2.Product Technical info.

Module m Range: 5~70
Gear Teeth Number z OEM by drawing’s technical parameters
Teeth Height H OEM by drawing’s technical parameters
Teeth Thickness S OEM by drawing’s technical parameters
Tooth pitch P OEM by drawing’s technical parameters
Tooth addendum Ha OEM by drawing’s technical parameters
Tooth dedendum Hf OEM by drawing’s technical parameters
Working height h’ OEM by drawing’s technical parameters
Bottom clearance C OEM by drawing’s technical parameters
Pressure Angle α OEM by drawing’s technical parameters
Helix Angle,    OEM by drawing’s technical parameters
Surface hardness HRC Range: HRC 50~HRC63(Quenching)
Hardness: HB Range: HB150~HB280; Hardening Tempering/ Hardened Tooth Surface 
Surface finish   Range: Ra1.6~Ra3.2
Tooth surface roughness Ra Range: ≥0.4
Gear Accuracy Grade   Grade Range: 5-6-7-8-9 (ISO 1328)
Length L Range: 0.8m~10m
Weight Kg Range: Min. 100kg~Max. 80tons Single Piece
Gear Position   Internal/External Gear
Toothed Portion Shape   Spur Gear/Bevel/Spiral/Helical/Straight
Shaft shape   Herringbone Gear Shaft / Gear Shaft / Eccentric Shaft / Spur Gear / Girth Gear / Gear Wheel
Material Forging/
Forging/ Casting 45/42CrMo/40Cr or OEM
Manufacturing Method   Cut Gear
Gear Teeth Milling  
Gear Teeth Grinding  
Heat Treatment   Quenching /Carburizing
Sand Blasting   Null
Testing   UT\MT
Trademark   TOTEM/OEM
Application   Gearbox, Reducer,
Petroleum,Cement,Mining,Metallurgy etc.
Wind driven generator,vertical mill reducer,oil rig helical gear,petroleum slurry pump gear shaft
Transport Package   Export package (wooden box, steel frame etc.)
Origin   China
HS Code   8483409000

Material Comparison List

45 C45E4 45 1045 S45C CK45
40Cr 41Cr4 40X 5140 SCr440 41Cr4
20CrMo 18CrMo4 20ХМ 4118 SCM22 25CrMo4
42CrMo 42CrMo4 38XM 4140 SCM440 42CrMo4
20CrMnTi   18XГT   SMK22  
20Cr2Ni4   20X2H4A      
20CrNiMo 20CrNiMo2 20XHM 8720 SNCM220 21NiCrMo2
40CrNiMoA   40XH2MA/
4340 SNCM439 40NiCrMo6/
20CrNi2Mo 20NiCrMo7 20XH2MA 4320 SNCM420  

3.Totem Service

TOTEM Machinery focus on supplying GEAR SHAFT, ECCENTRIC SHAFT, HERRINGBONE GEAR, BEVEL GEAR, INTERNAL GEAR and other parts for transmission devices & equipments(large industrial reducers & drivers). Which were mainly used in the fields of port facilities, cement, mining, metallurgical industry etc. We invested in several machine processing factories,forging factories and casting factories,relies on these strong reliable and high-quality supplier network, to let our customers worry free. 
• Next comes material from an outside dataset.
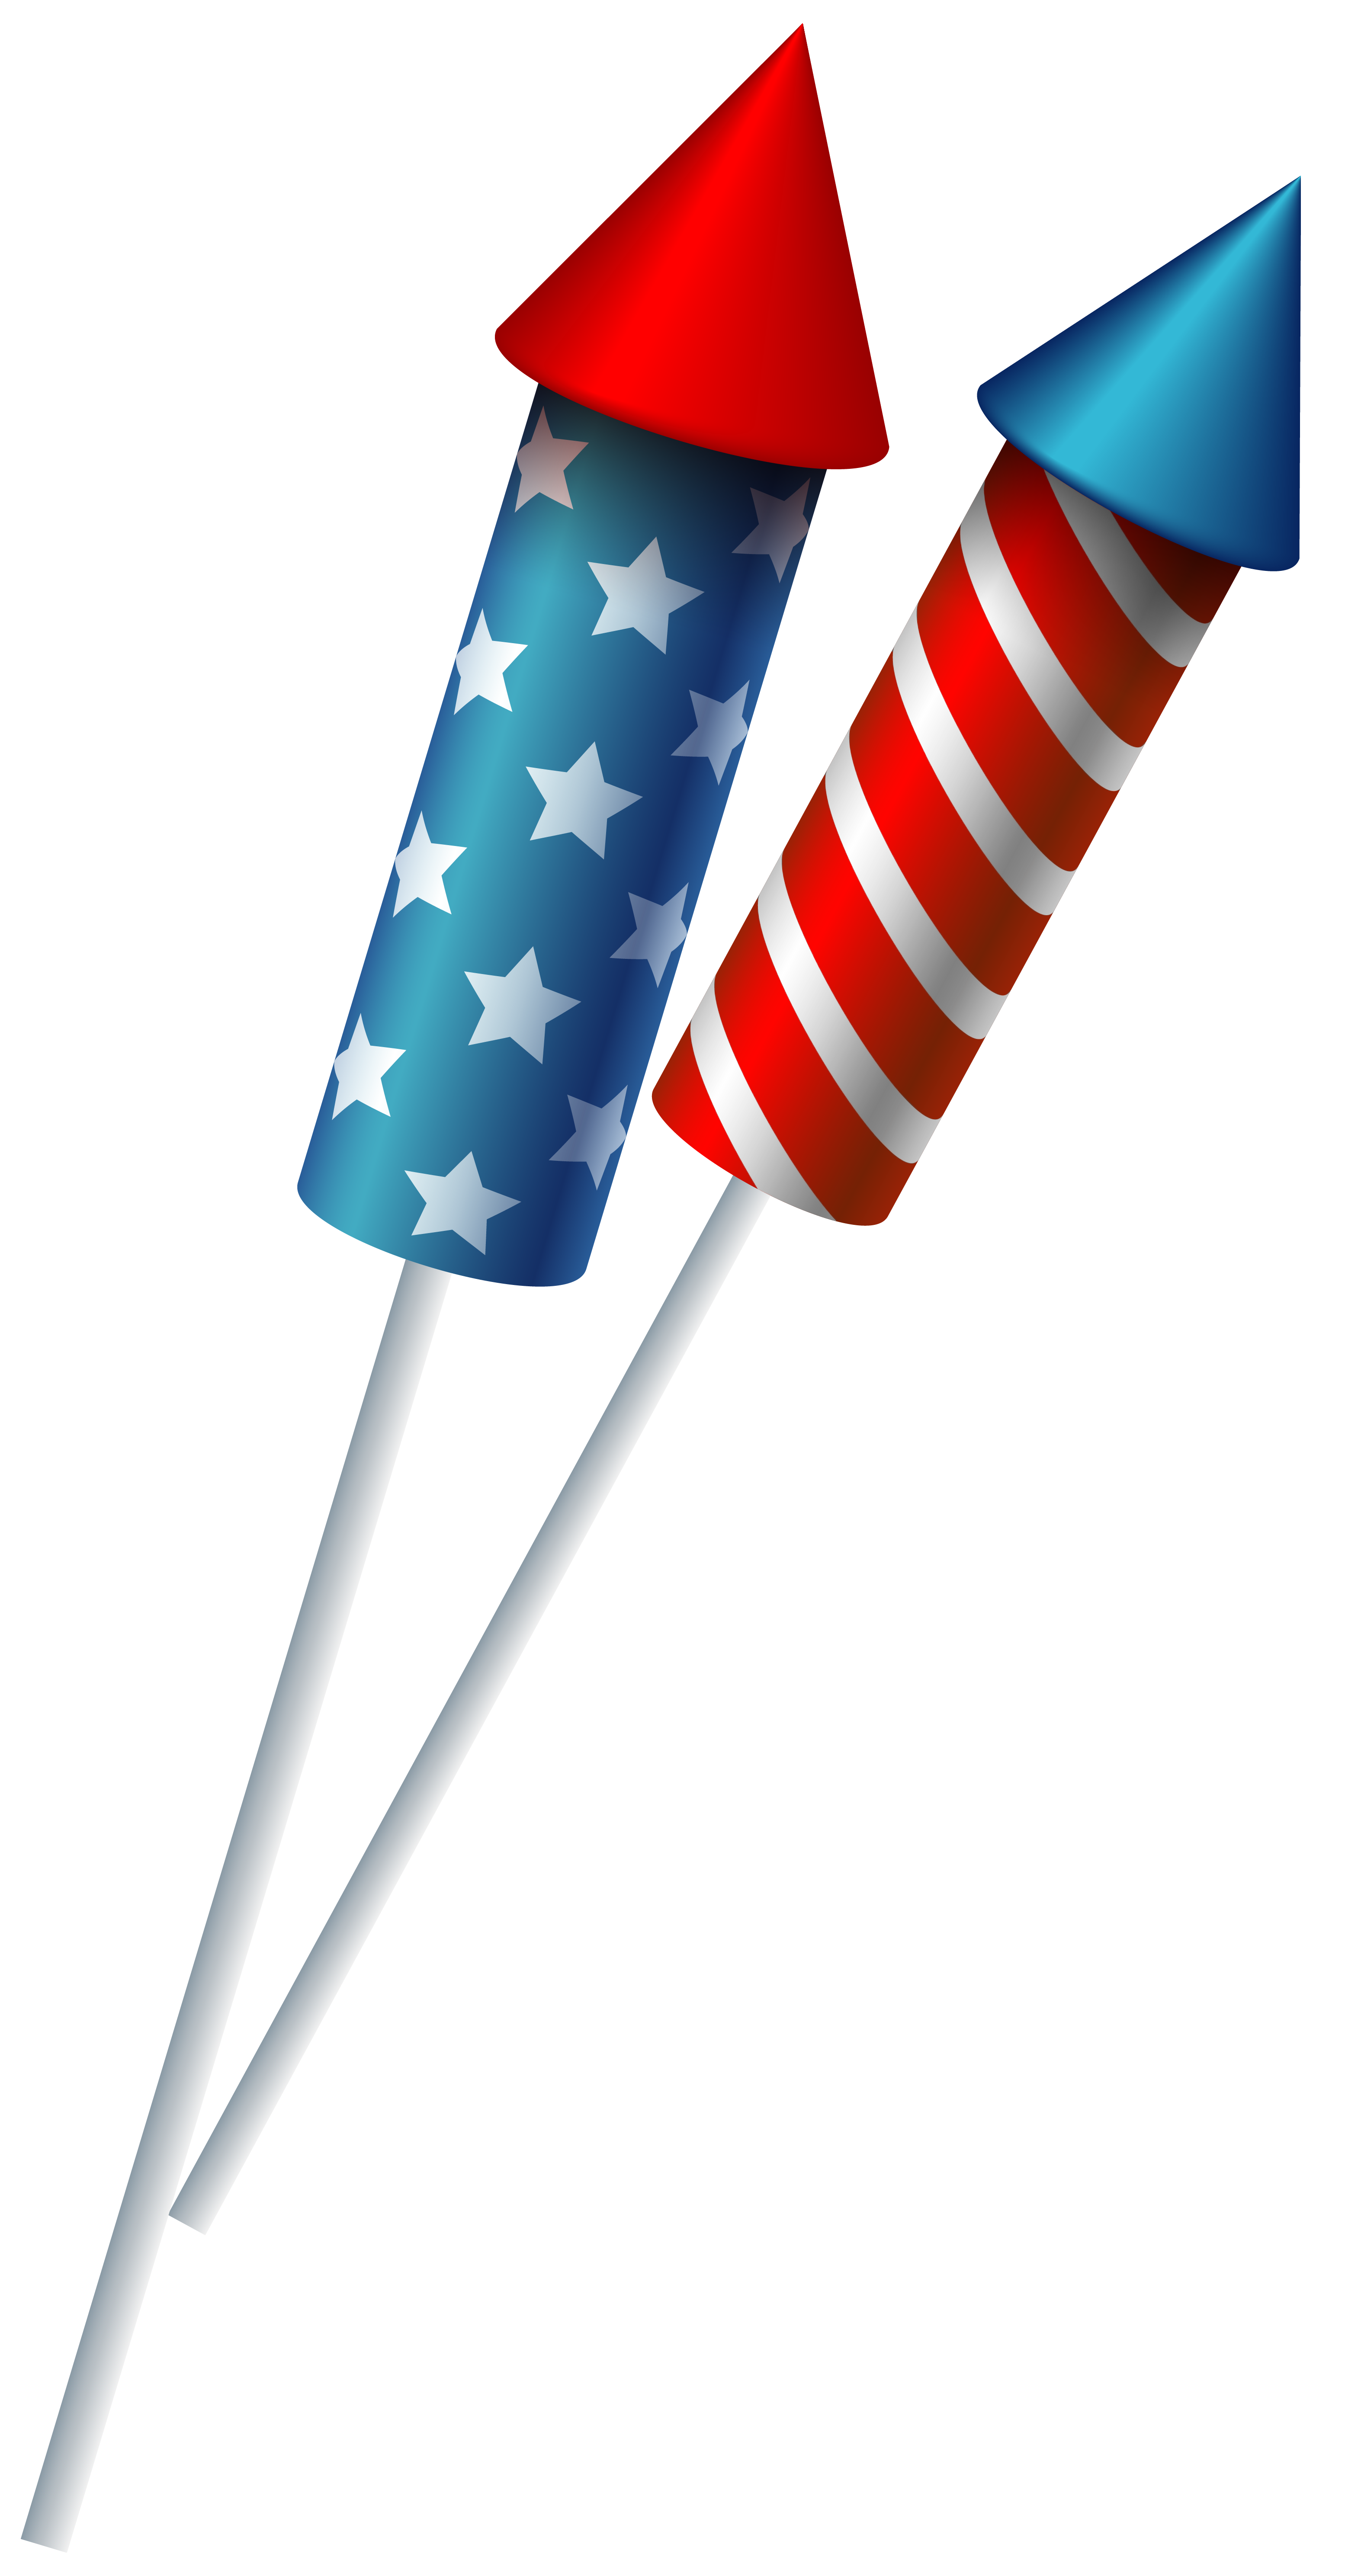 Firecracker clipart sparkler. Fireworks independence day clip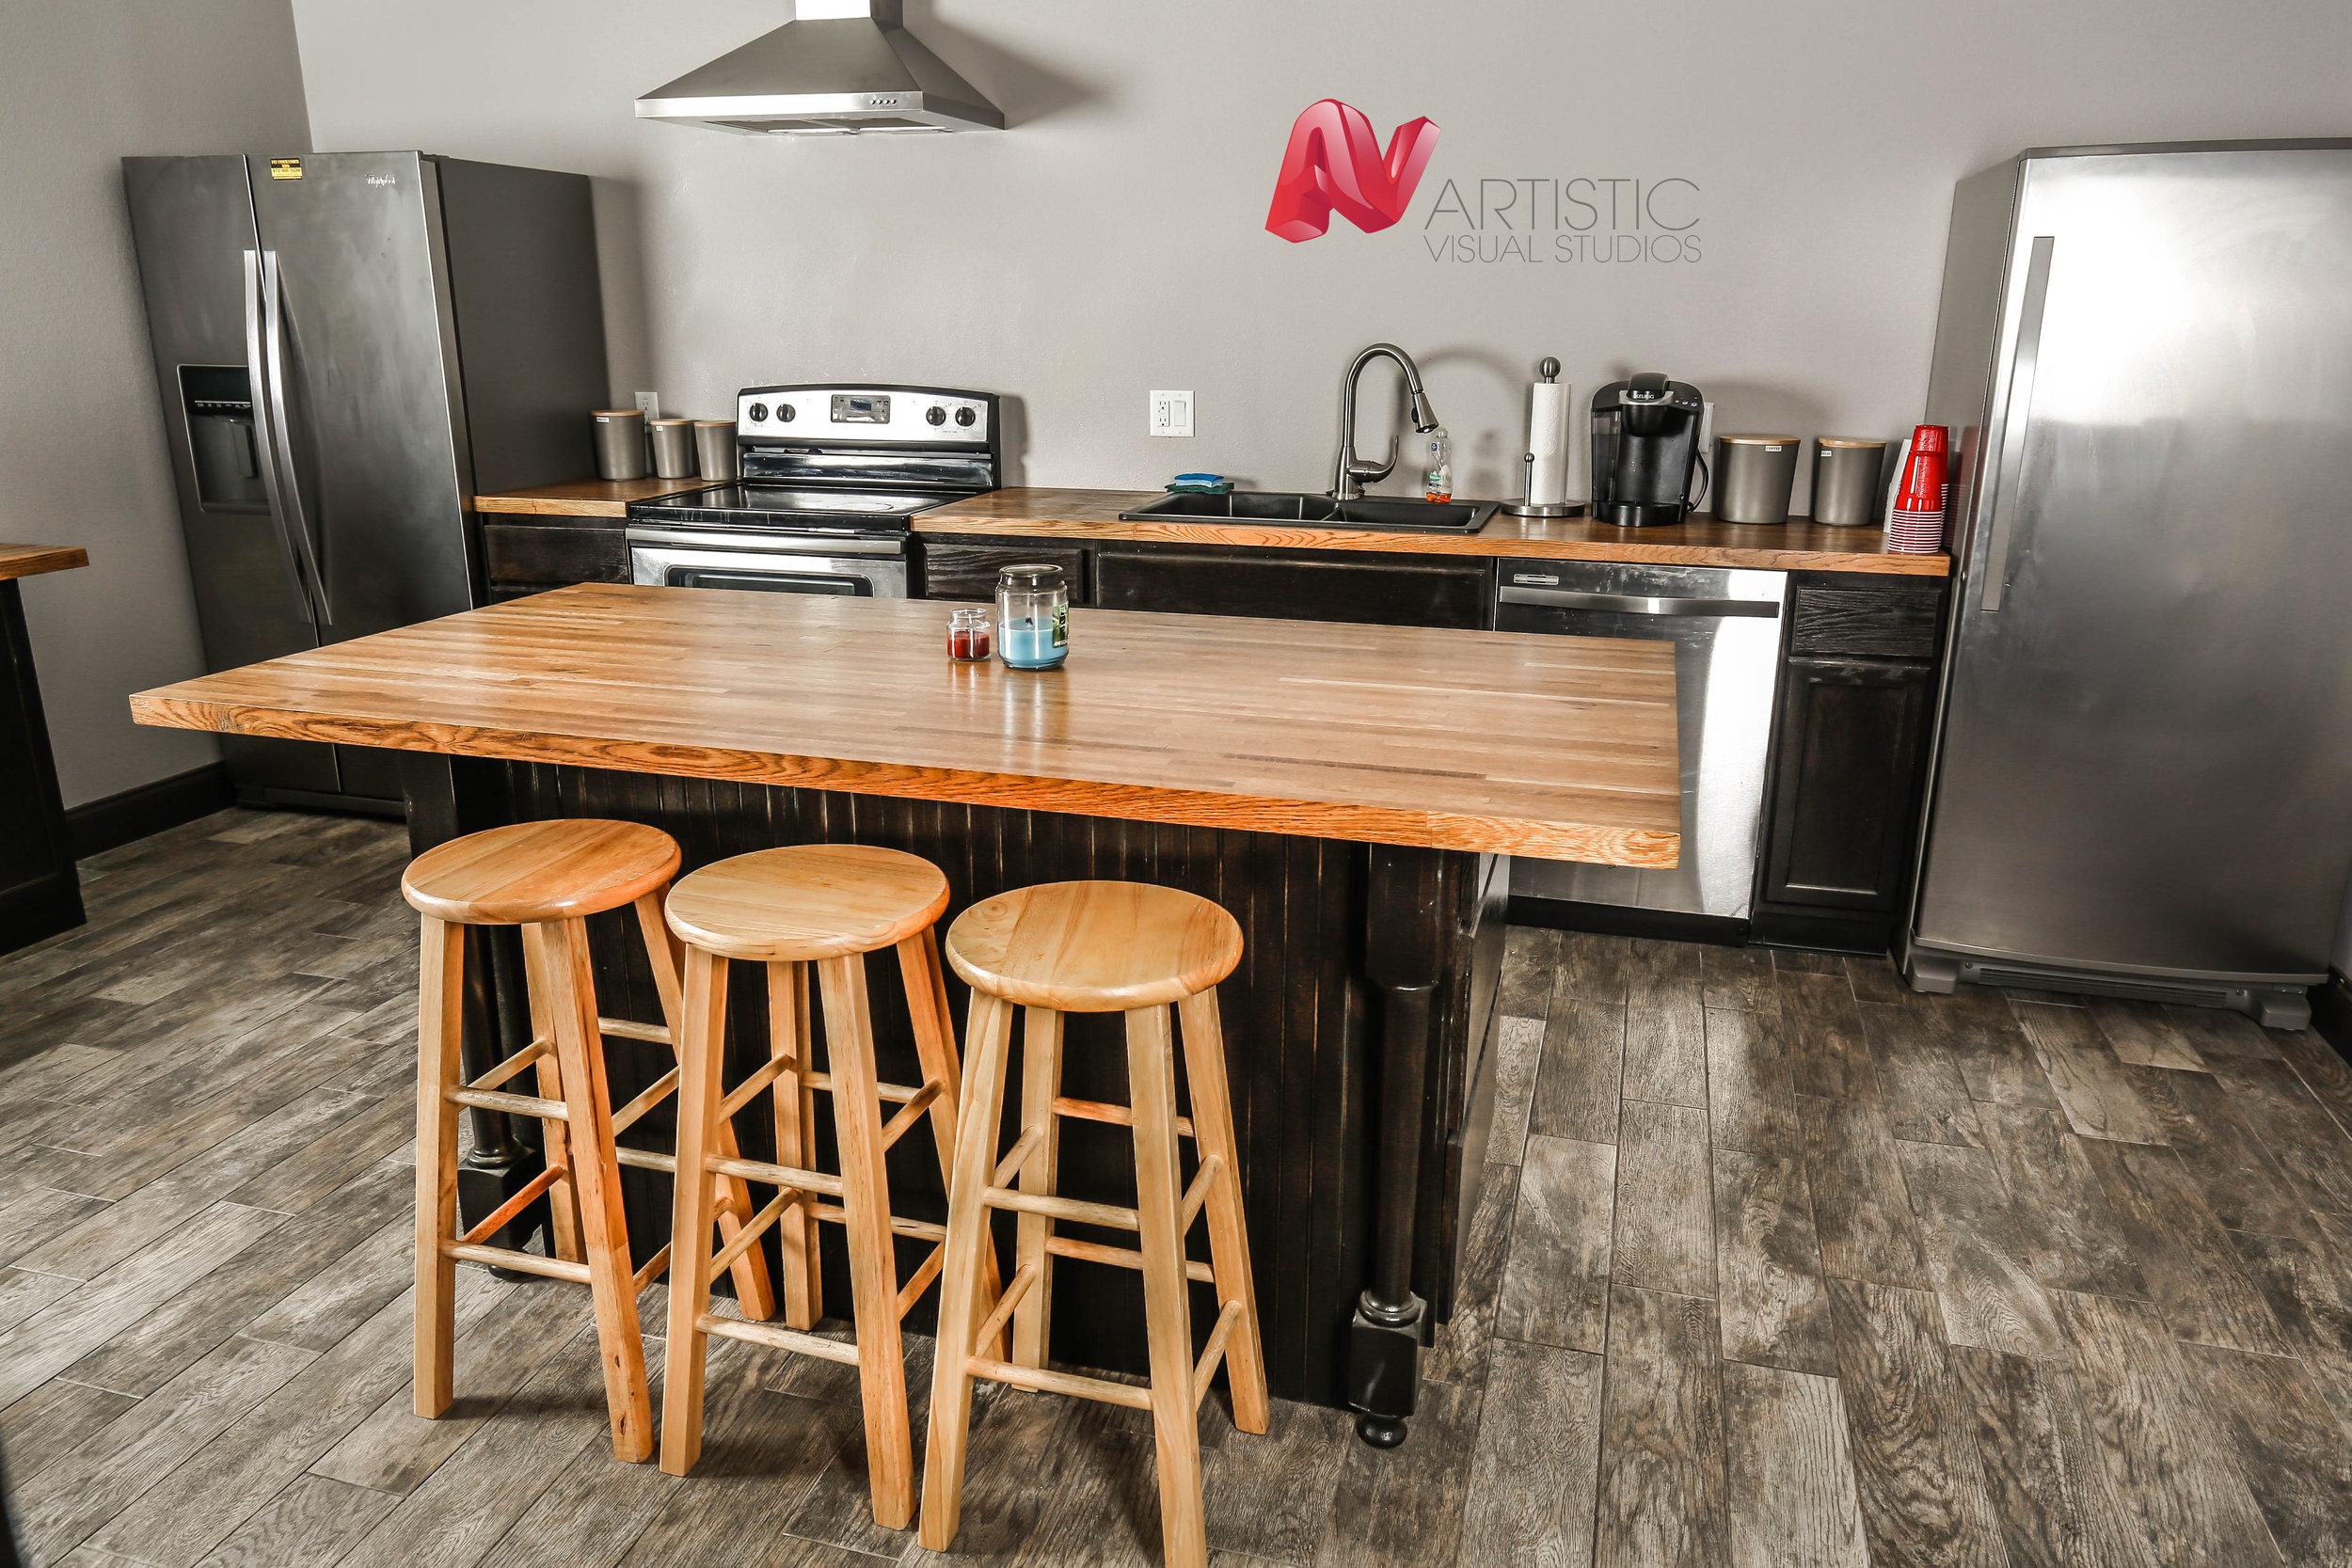 Artistic Visual Studios Full Size Kitchen Area.jpg

TOTEM Philosophy: Quality-No.1, Integrity- No.1, Service- No.1 

24hrs Salesman on-line, guarantee quick and positive feedback. Experienced and Professional Forwarder Guarantee Log. transportation.

4.About TOTEM

1. Workshop & Processing Strength

2. Testing Facilities

3. Customer Inspection & Shipping

5. Contact Us

ZheJiang CHINAMFG Machinery Co.,Ltd
Facebook: ZheJiang Totem


Material: Alloy Steel
Load: Drive Shaft
Stiffness & Flexibility: Forging
Journal Diameter Dimensional Accuracy: It5-It9
Axis Shape: Straight Shaft
Shaft Shape: Customized


Customized Request

gear shaft

How do gear shafts handle variations in load and stress conditions?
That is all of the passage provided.